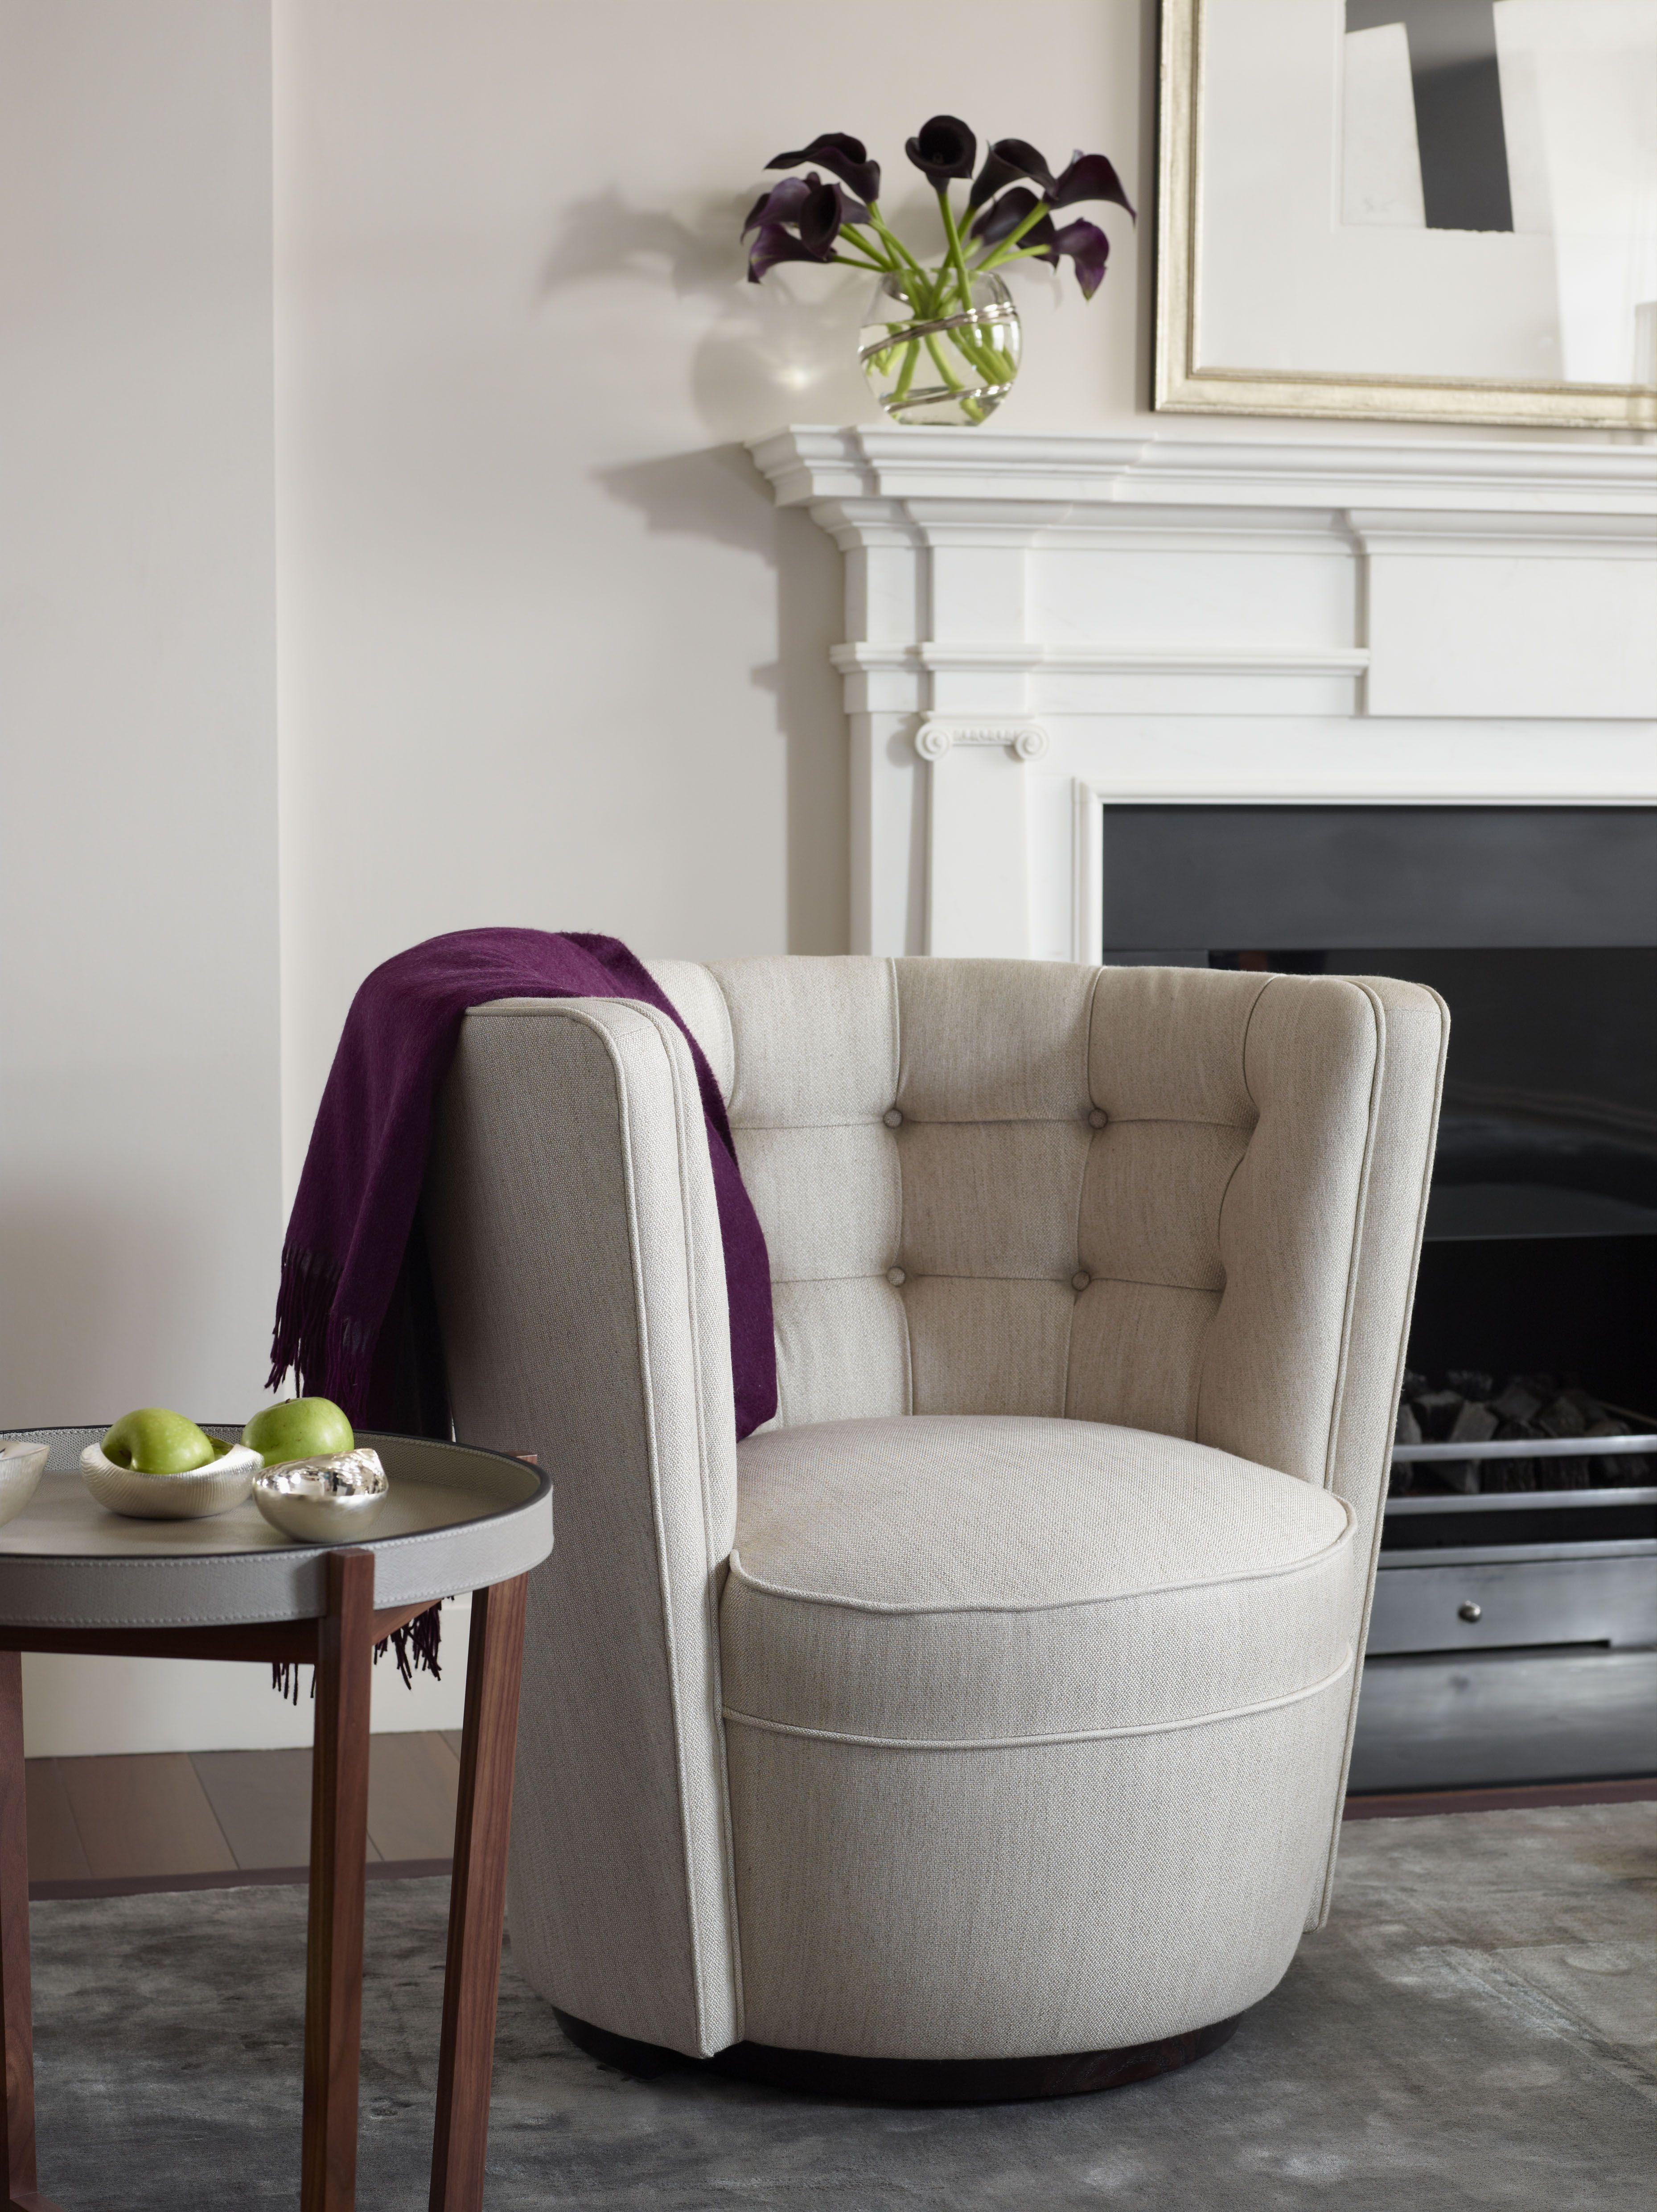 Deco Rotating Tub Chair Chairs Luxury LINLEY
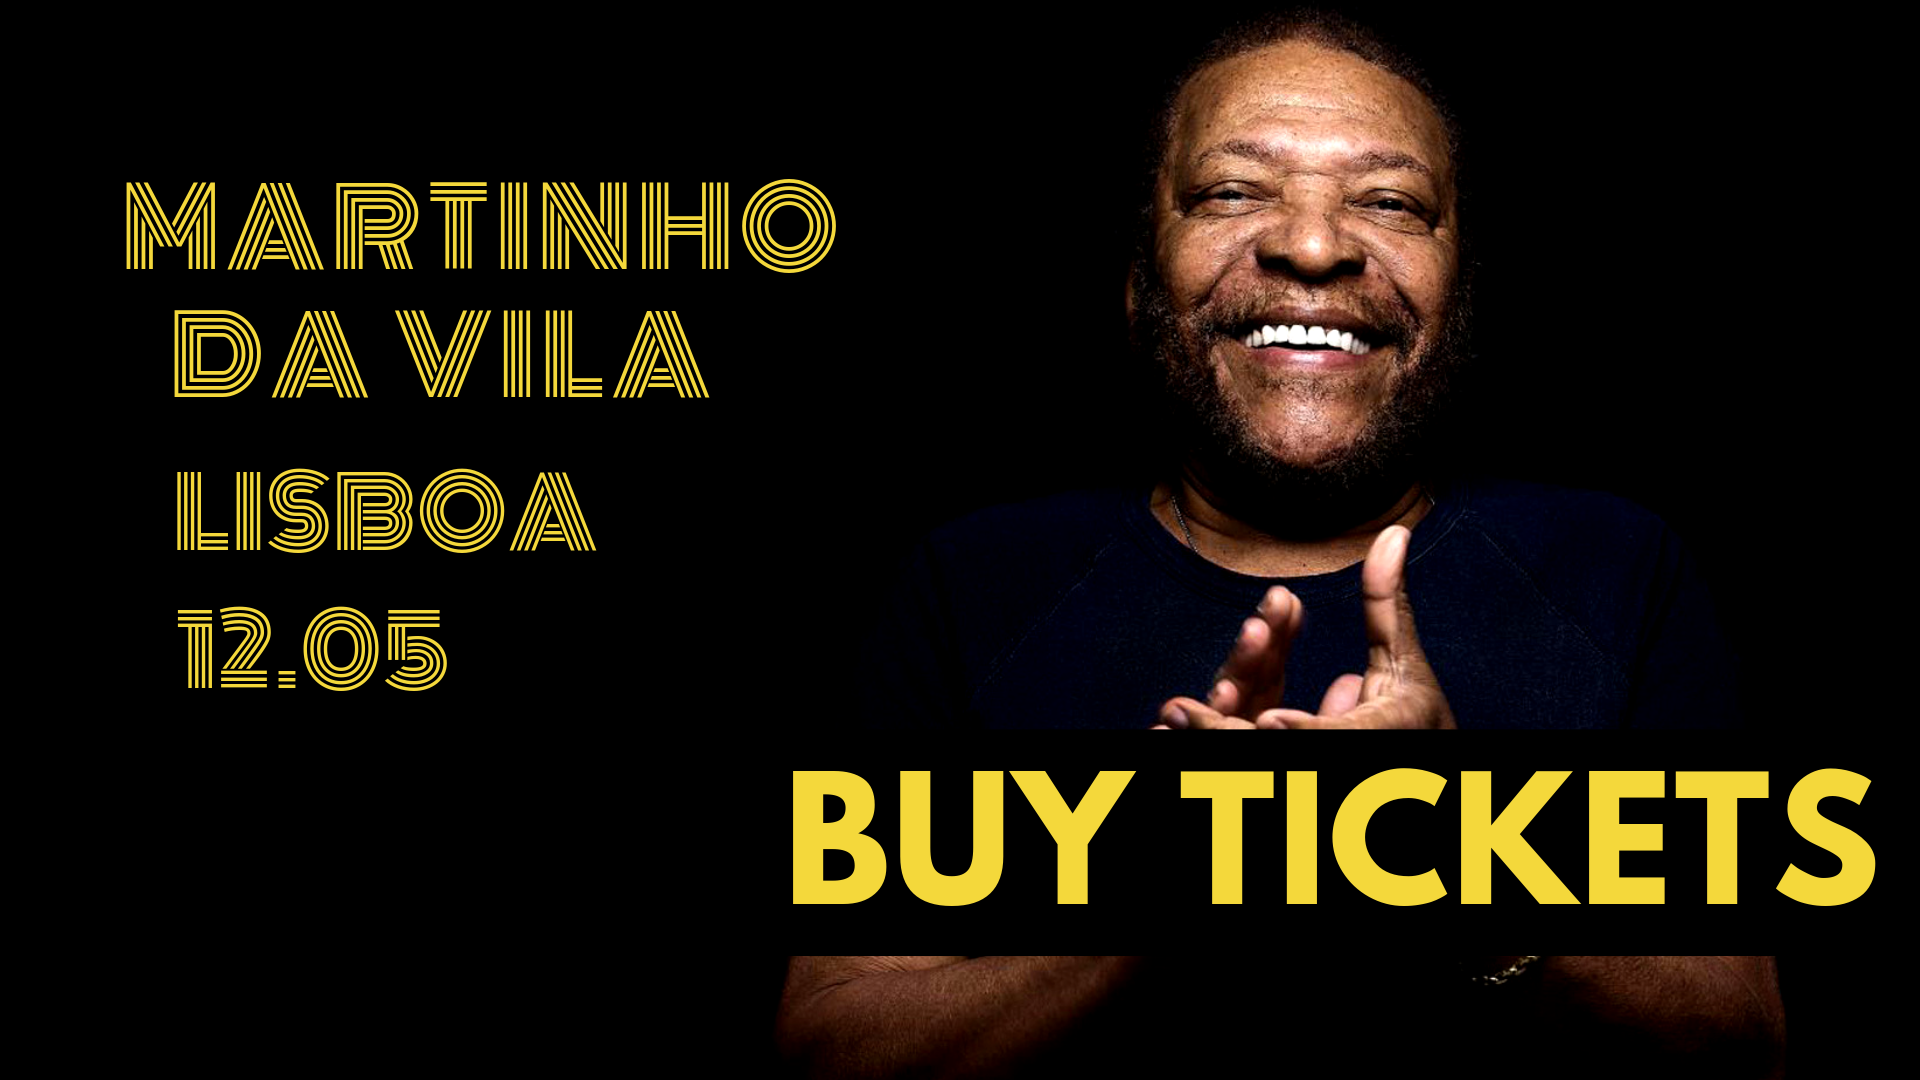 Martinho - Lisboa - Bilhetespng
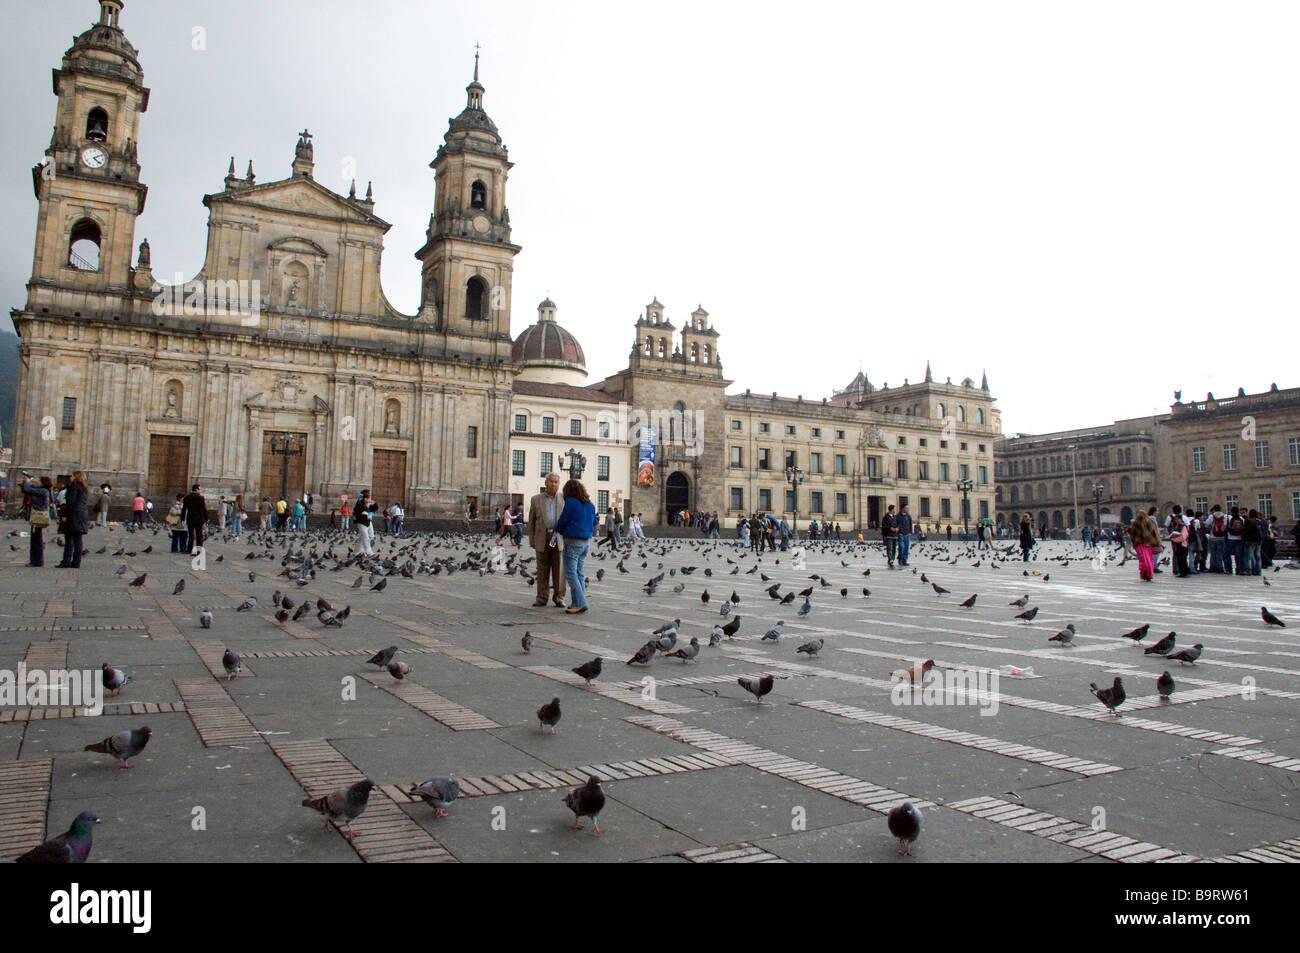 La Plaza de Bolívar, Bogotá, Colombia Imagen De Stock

:::

ACTIVITY – Pictures are to be left out; the rest of the listing should be printed exactly.

SOLUTION –
 Deco Rotating Tub Chair Chairs Luxury LINLEY
 Martinho - Lisboa - Bilhetespng
 La Plaza de Bolívar, Bogotá, Colombia Imagen De Stock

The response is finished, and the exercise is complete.